La Beauté du Diable – Gérard Philippe to sell his soul for me

judelawThe Talented Mr. Ripley – Jude Law steals the show as Dickie Greenleaf and makes us condone what Matt Damon is about to do next…

For sheer fun:

Rocky Horror Picture Show – my coming of age film

Some Like It Hot – I can still quote more than half of it, plus the best end line in all of film history (tied with Casablanca)

Bringing Up Baby – absurd but the wittiest dialogue between two of my favourite actors: Katharine Hepburn and Cary Grant

The Ladykillers and Kind Hearts and Coronets – the darkest, funniest Ealing comedies, I merely have to see Alec Guiness’ eyes to start laughing (not so much in his more serious roles later on)

The Time Warp from Rocky Horror Picture Show - besides, I've got relatives in Transylvania, so there!
The Time Warp from Rocky Horror Picture Show – besides, I’ve got relatives in Transylvania, so there!

And there are so many others, too many to mention. So, which films have you loved? Which films can you watch over and over again? Or are there any films that you only watched once but which left an indelible impression on you?

20 thoughts on “It’s Not All Books: The Films I Love”

  1. Oh, I’m completely with you on Hitchcock’s work, Marina Sofia. And your other choices are awfully good, too. I’d have to think about my own list (I appreciate the ‘food for thought.’). And now, to work. It’s just a jump to the left… 😉

  2. In no particular order: The Good, the Bad and the Ugly; Lord of the Rings 1-3 (books are still millions of miles ahead, but P.Jackson did a very good job); Der Untergang (Bruno Ganz just perfect as AH); La Grande Vadrouille; Les Tontons Flingueurs; The Usual Suspects. North by Northwest, Most Bonds with Sean Connery. If I have to mention Tarantino then ‘From Dusk tii Dawn’.

    1. I want to see Les Tontons Flingueurs again – it’s been simply ages and I can’t remember much! I haven’t seen Der Untergang, but it’s tempting if a bit grim.

      1. Der Untergang is highly recommended. Bruno Ganz is a breathtaking Hitler. Grim ? What could you expect other. End of April ’45 in the bunker. You can find it on Youtube, so it’s there whenever you have the time. Les Tontons j’en ai en DVD, La grande Vadrouille aussi. de Funes comme Herr Kapellmeister à mourir de rire

  3. Bladerunner is one of my all-time favourite films. I’m a film addict:
    anything Fassbinder
    Picnic at Hanging Rock
    The Big Heat
    Colonel Chabert
    All About My mother
    Claire’s Knee
    Shanghai Triad
    Crimes and Misdemeanors
    to name just a few..

    1. Nice choices! I can feel a Fassbinder retrospective coming on… And I’ve liked a few Almodovar films (and some others not at all).

  4. Great selections!
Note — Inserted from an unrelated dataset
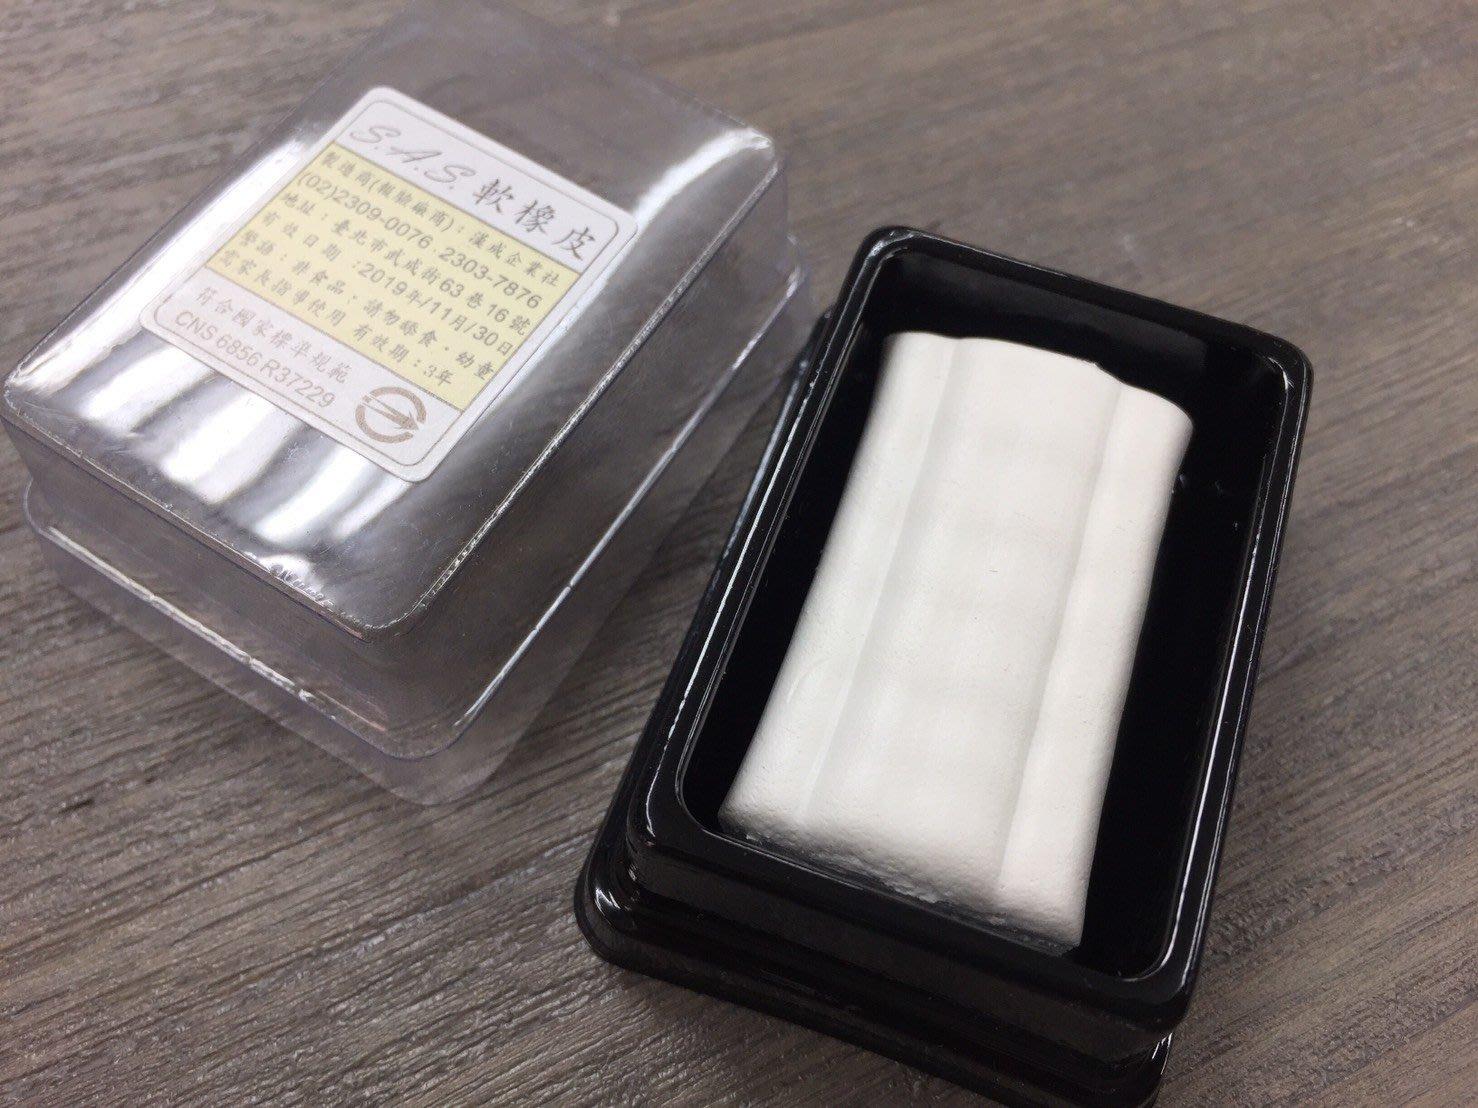 藝城美術►塑膠擦 軟橡皮 ( 適用炭筆/炭精筆/粉彩/素描鉛筆/無毒 )

I’m a big fan of screwball comedies (though not BUB), heist films, and noir. Also, many westerns. I’ve done a blog series on the former and you’ve reminded me I really need to do one on the latter. Besides those you list above that I adore (particularly Hitchcock and Kieślowski), I’d add Jean-Pierre Jeunet, Lubitsch, Powell & Pressburger, and Tarantino. Specific desert island films would probably include Charade, Funny Face, Gentlemen Prefer Blondes, His Girl Friday, Laura, My Man Godfrey, The Thin Man, the Matrix, Ocean’s 11, and Out of Sight. In short, I hope the island has a big film library!

    1. I used to watch black and white films nearly every day after school (and doing my homework), so I love that classic feel. I hesitated between His Girl Friday and Bringing Up Baby, actually, as both are such outstanding examples of ‘screwball comedies’ – or The Philadelphia Story. And I didn’t even mention any Audrey Hepburn films (I like her very much, as well as Katharine Hepburn).

  5. Ooh, so many goodies there! Love almost anything Hitchcock and West Side Story is fabulous – the movie I most often sing the songs from while washing the dishes! Don’t know most of the ‘foreign’ ones, being so insular (my island includes the US, of course, filmwise) but yes, yes, to The Third Man and Mockingbird… and Casablanca. Got to add in The Lord of the Rings trilogy and the great Jimmy Cagney in almost anything. Plus some of the big Hollywood musicals – On the Town, Singin’ In the Rain, High Society etc etc. So… was that a little hint that you’re a vampire?!?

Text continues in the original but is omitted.